Many U.S. media companies might have regarded all of this underground circulation as piracy and shut it down before it reached critical mass. The Japanese media companys tolerance of these fan efforts is consistent with their similar treatment of fan communities in their local market. As Temple University law professor Salil K. Mehra notes, the underground sale of fan-made manga, often highly derivative of the commercial product, occurs on a massive scale in Japan, with some comics markets attracting 150,000 visitors per day; such markets are held almost every week in some parts of the country. Rarely taking legal action, the commercial producers sponsor such events, using them to publicize their releases, to recruit potential new talent, and to monitor shifts in audience tastes. In any case, they fear the wrath of their consumers if they took action against such a well-entrenched cultural practice and the Japanese legal structure would provide for fairly small legal penalties if they did pursue infringers.
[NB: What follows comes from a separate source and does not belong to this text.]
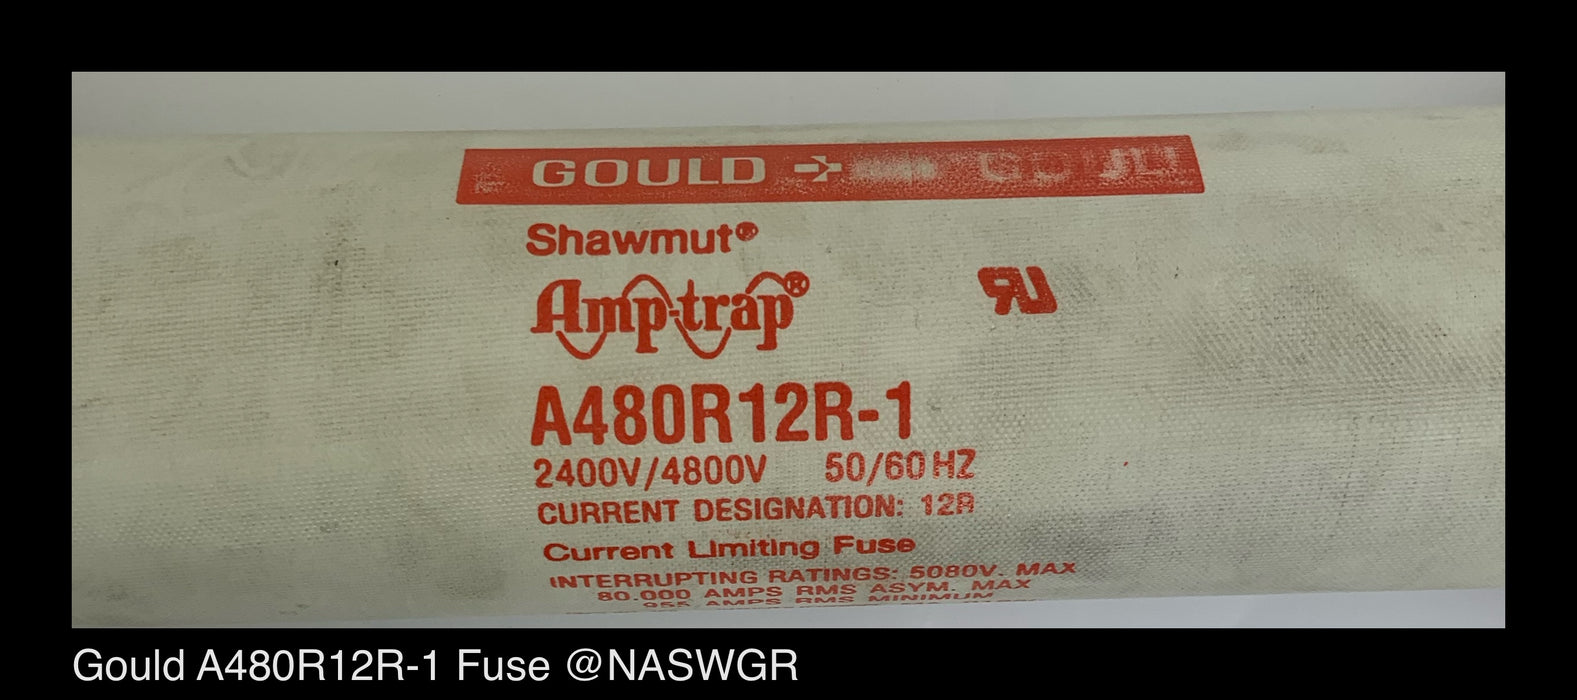 Gould Shawmut A480R12R-1 Fuse

More generally, as Yuichi Washida, a research director at Hakuhodo, Japans second largest advertising and marketing firm, has argued, Japanese corporations have sought to collaborate with fan clubs, subcultures, and other consumption communities, seeing them as important allies in developing compelling new content or broadening markets. In courting such fans, the companies helped to construct a moral economy that aligned their interests in reaching a market with the American fans desires to access more content.

Many have argued that cultural rather than legal, technological, or economic solutions are crucial in resolving the bootlegging crisis hitting American media companies. Rather than suing their fan base, perhaps they should study how their Japanese counterparts profited from this first wave of underground circulation, seeing it as promotion rather than piracy.